Потом он перешел к другой стене и молча остановился перед одним из портретов.
- Антуан дю Пон, сеньор де Со, кавалер ордена Св. Иоанна Иерусалимского. Умер в Валезе во время великой осады от ран, по словам одних, или от непомерных трудов, как утверждают другие. Воин - христианин.
И, посмотрев с минуту на этот портрет, он поставил подсвечник на стол. В окружавшей нас темноте освещены были только наши бледные возбужденные лица.
- Господин виконт, - с поклоном произнес кюре, - вы происходите из очень древнего и благородного рода.
Я пожал плечами.
- Это я знаю. Что же дальше?
- Я не решаюсь давать вам советы.
- Но дело, за которое я стою, заслуживает полного сочувствия.
- Да, конечно, - медленно промолвил он. - Я это всегда утверждал. Но народ должен сам защищать свое дело.
- И это говорите вы! - в смущении и гневе воскликнул я. - Вы, тысячу раз говоривший, что вы тоже из народа, что во Франции должны быть только народ и король!
Он как-то печально улыбнулся и забарабанил по столу пальцами.
- Это не теория. А когда дело доходит до практики, сердце говорит другое. Во мне самом есть дворянская кровь, и я знаю, что это такое.
- Я не понимаю вас, - с отчаянием сказал я. - Ведь я только что сказал вам, что на собрании дворянства я говорил за народ, и вы же меня одобрили.

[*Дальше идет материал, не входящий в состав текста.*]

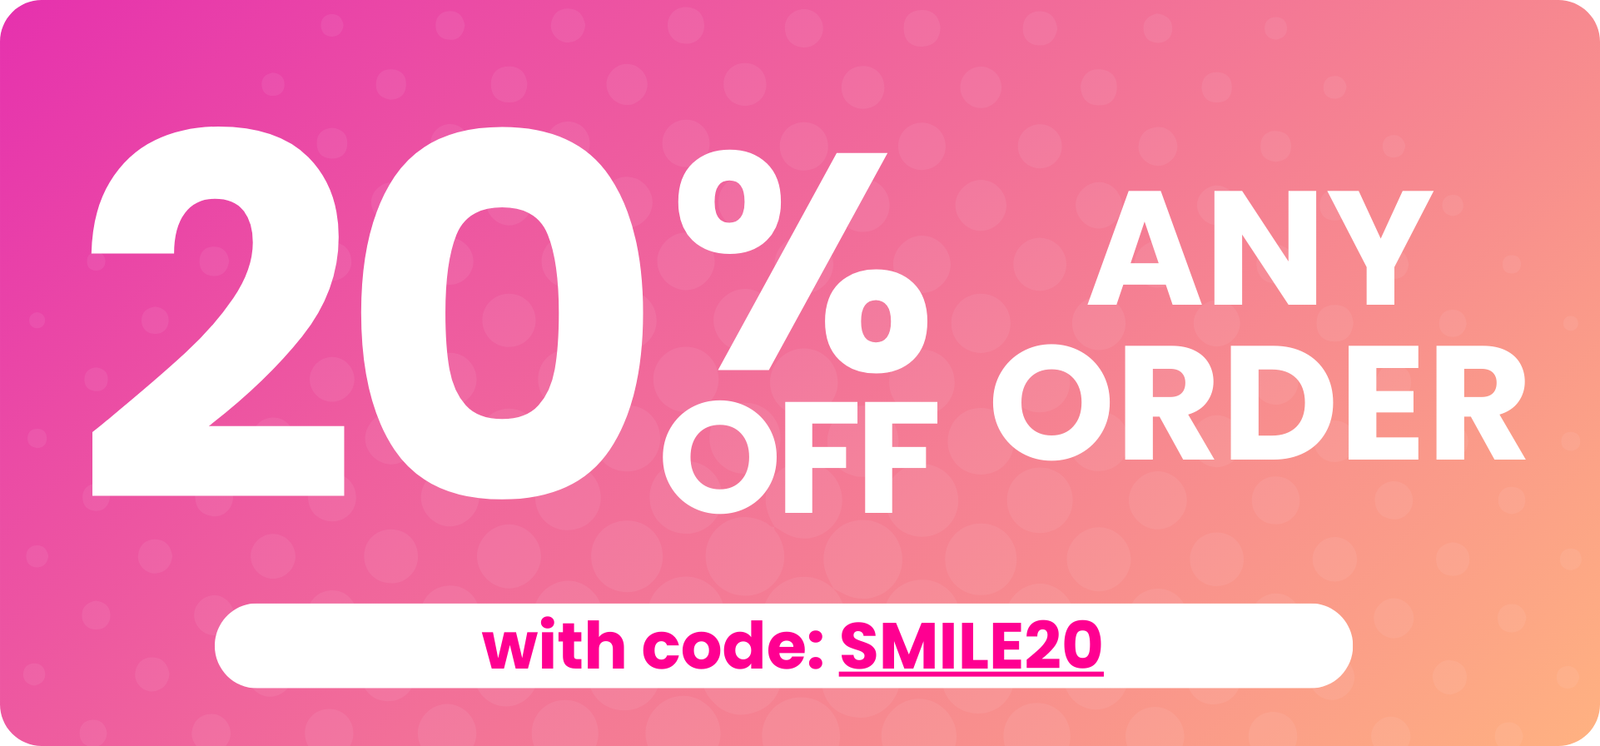 Take 20% OFF any order with code: SMILE20

- Это было благородно, - отвечал отец Бенедикт с тонкой улыбкой. Боритесь за народ среди равных себе. Но если дело дойдет до борьбы между народом и классом, к которому вы принадлежите, и если дворянину придется делать выбор, то...
Голос отца Бенедикта слегка задрожал, и он еще проворней забарабанил пальцами:
- ... то я предпочел бы видеть вас в рядах вашего сословия.
- Против народа?
- Да, против народа, - продолжал он, съеживаясь. - Разумеется, это нелогично. Дело реформ, честного, дешевого заработка, справедливости такое дело не может быть неправедным. Но инстинкт не позволяет мне стать на эту сторону.

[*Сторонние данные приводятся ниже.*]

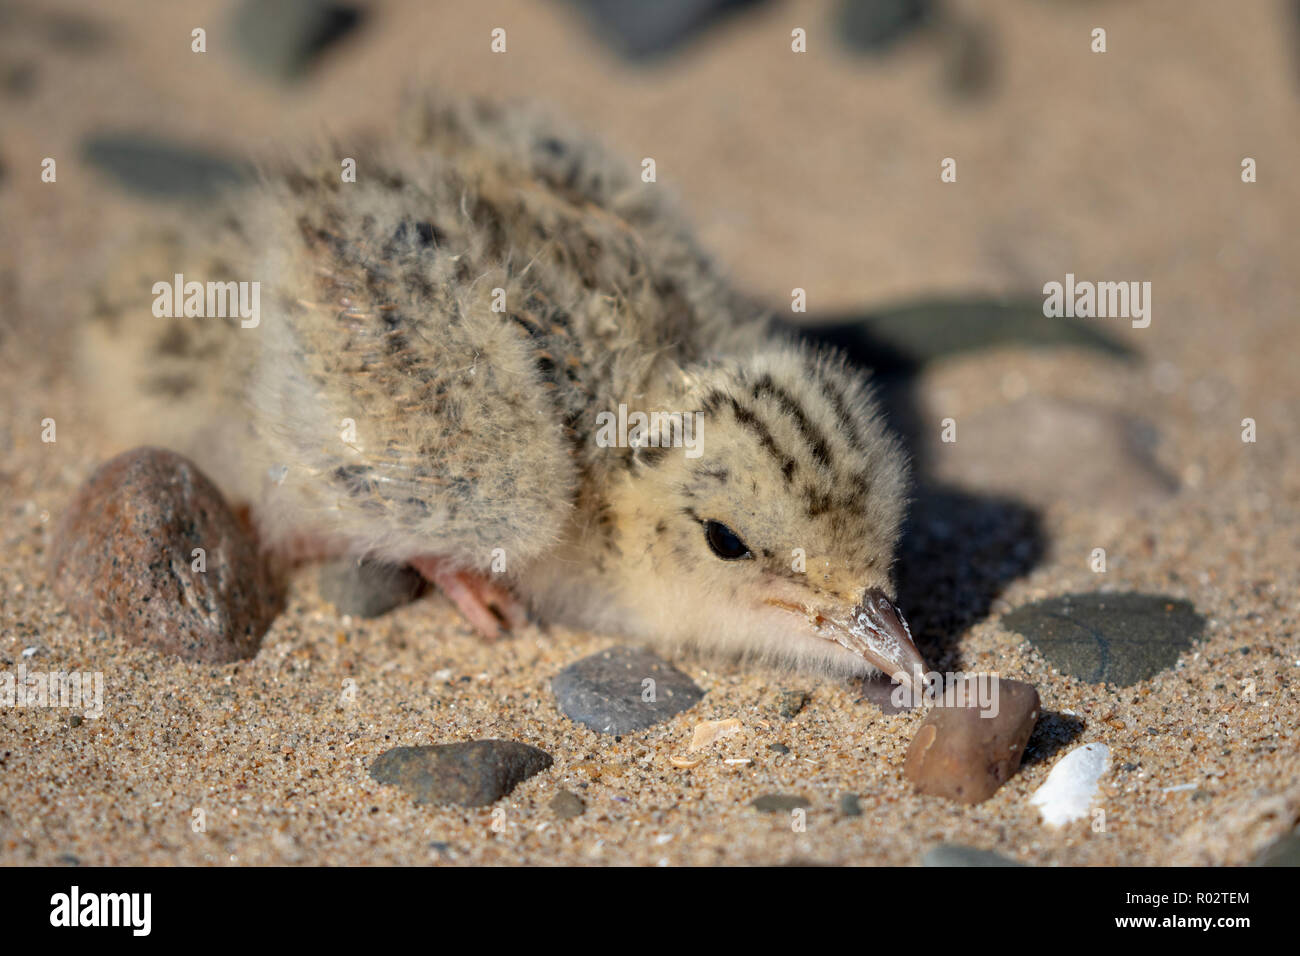 a little tern chick (Sternula albifrons) camouflaged in the sand at Gronant, North Wales. Photo taken under NRW licence. Stock Photo

- А как же Мирабо? Ведь недаром его называют великим человеком? спросил я. - Я слышал, что и вы нередко отзывались о нем с величайшим уважением.
- И даже очень часто, - отвечал аббат, продолжая барабанить по столу пальцами. - Но что делать, у меня нет твердости убеждений. Я знаю, как отзываются ныне об инакомыслящих, и мне не хотелось бы, чтобы так говорили о вас. Есть вещи, которые хороши только издали, - сказал он, отворачиваясь, чтобы скрыть жалость, светившуюся в его глазах.
Несколько минут мы оба молчали.
- Но ведь и мой отец был на стороне реформ, - промолвил я наконец.
- Да, на стороне реформ, которые должны были совершаться дворянами для народа.
- Но ведь дворяне-то и изгнали меня...
- Так бывает всегда: народный трибун становится изгнанником.
Перспектива, ожидавшая меня, представилась мне с совершенной ясностью, и я понял, почему отец Бенедикт колебался так долго.
Кюре скоро простился со мной. После его ухода я целый час ходил по каштановой аллее, потом, остановившись у железной решетки парка, долго смотрел на расстилавшуюся за ней дорогу. Наконец я повернулся и пошел к своему серому островерхому дому с башенками по углам.
Где-то за домом невовремя закричал петух. Среди полей далеко-далеко в тишине залаяла собака. С небес торжественно глядели на землю звезды.
Я подумал о внезапно потерянной невесте, и эта мысль наполнила меня слабым сожалением, не лишенным даже приятности. Желал бы я знать, что она думает обо мне после нашего внезапного разрыва? Возбудило ли это вообще ее мысли, ее любопытство, или она пришла к заключению; что так идет всегда: женихи появляются и исчезают?..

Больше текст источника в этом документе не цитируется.